I am trying to generate random forest's feature importance plot using cross validation folds. When only feature (X) and target(y) data is used, the implementation is straightforward such as:
rfc = RandomForestClassifier()
rfc.fit(X, y)
importances = pd.DataFrame({'FEATURE':data_x.columns,'IMPORTANCE':np.round(rfc.feature_importances_,3)})
importances = importances.sort_values('IMPORTANCE',ascending=False).set_index('FEATURE')
print(importances)
importances.plot.bar()
plt.show()
However, how could I transform this code in order to create a similar plot for every cross-validation folds (k-fold) that I would be creating ?

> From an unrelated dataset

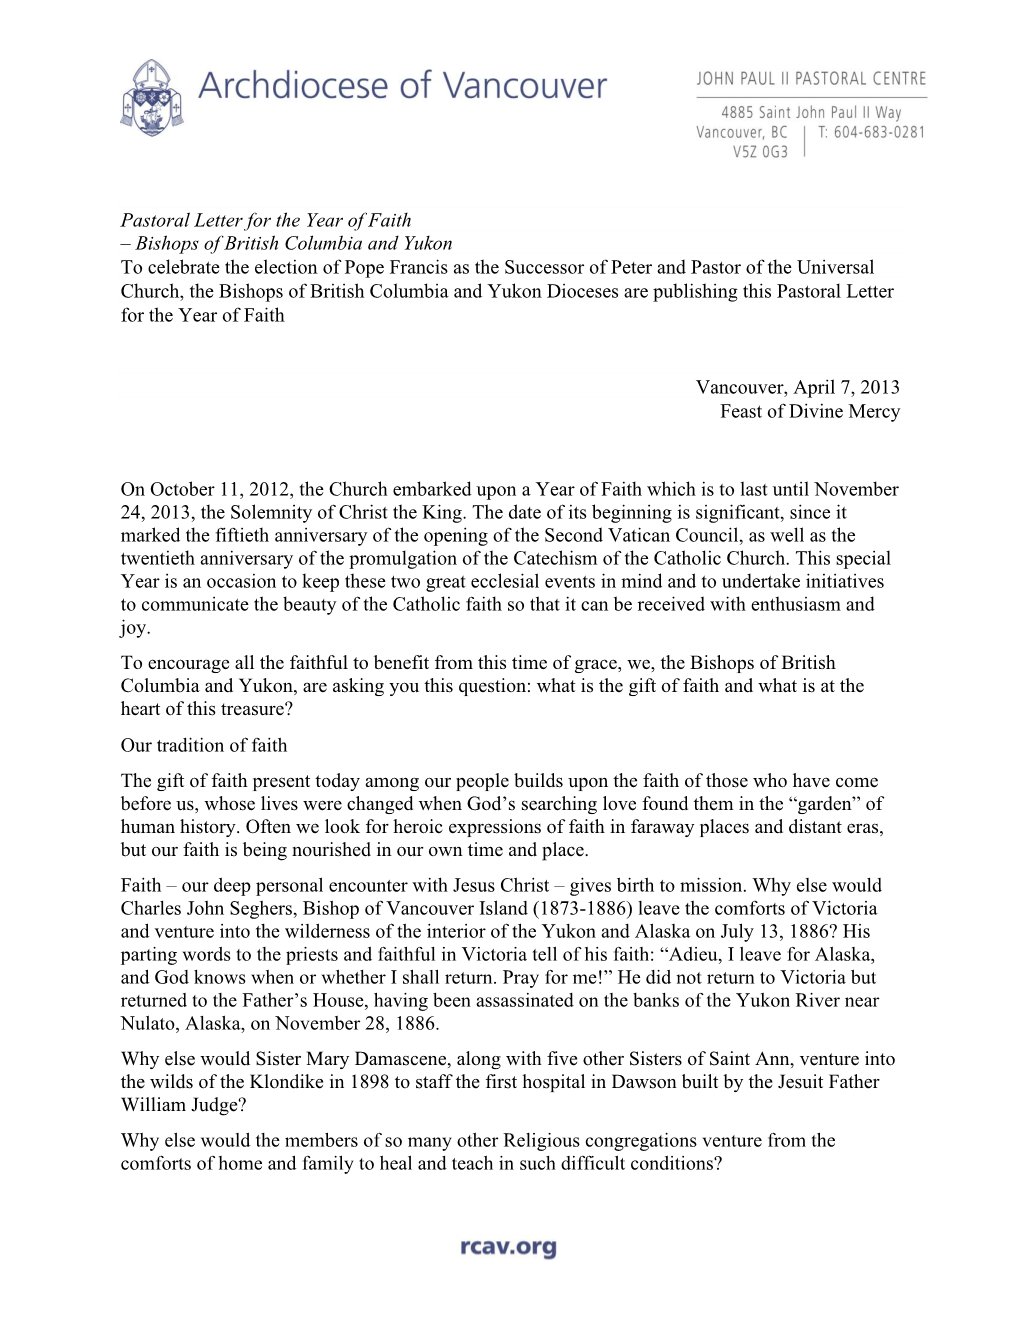 Pastoral Letter for the Year of Faith – Bishops of British Columbia and Yukon to Celebrate the Election of Pope Francis As
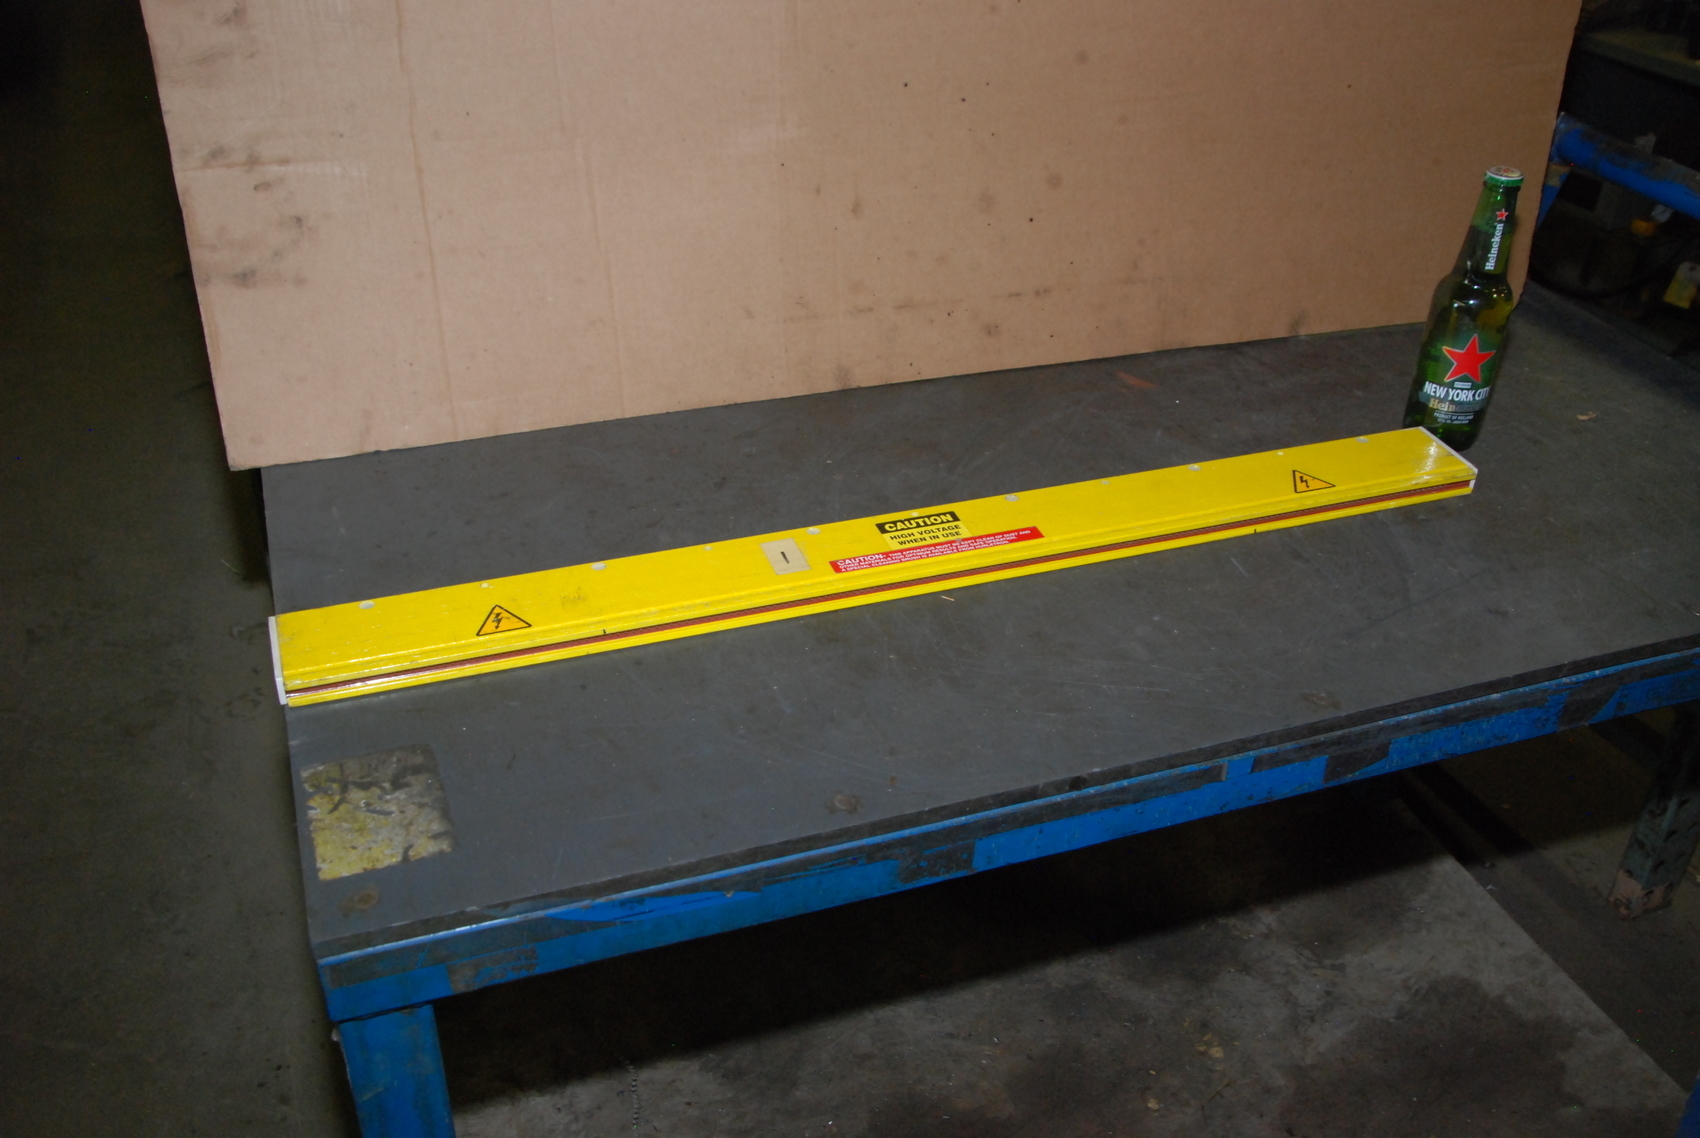 Hurletron High Voltage Charge Bar;len-34-3/4";width-3/4;height 3-1/8"

The code that I have at the moment is:
# Empty list storage to collect all results for displaying as plots
mylist = []
from sklearn.ensemble import RandomForestClassifier
from sklearn.model_selection import KFold
kf = KFold(n_splits=3)
for train, test in kf.split(X, y):
train_data = np.array(X)[train]
test_data = np.array(y)[test]
for rfc = RandomForestClassifier():
rfc.fit(train_data, test_data)
For example, the above code creates (3 folds) using the Cross validation technique and my aim is to create feature importance plots for all the 3 folds, resulting in 3 feature importance plot graphs. At the moment, it's giving me loop errors.
I am not sure what would be the most efficient technique to use each of the created (k-folds) to generate feature importance graph via Random forest respectively, for each of the (k-folds).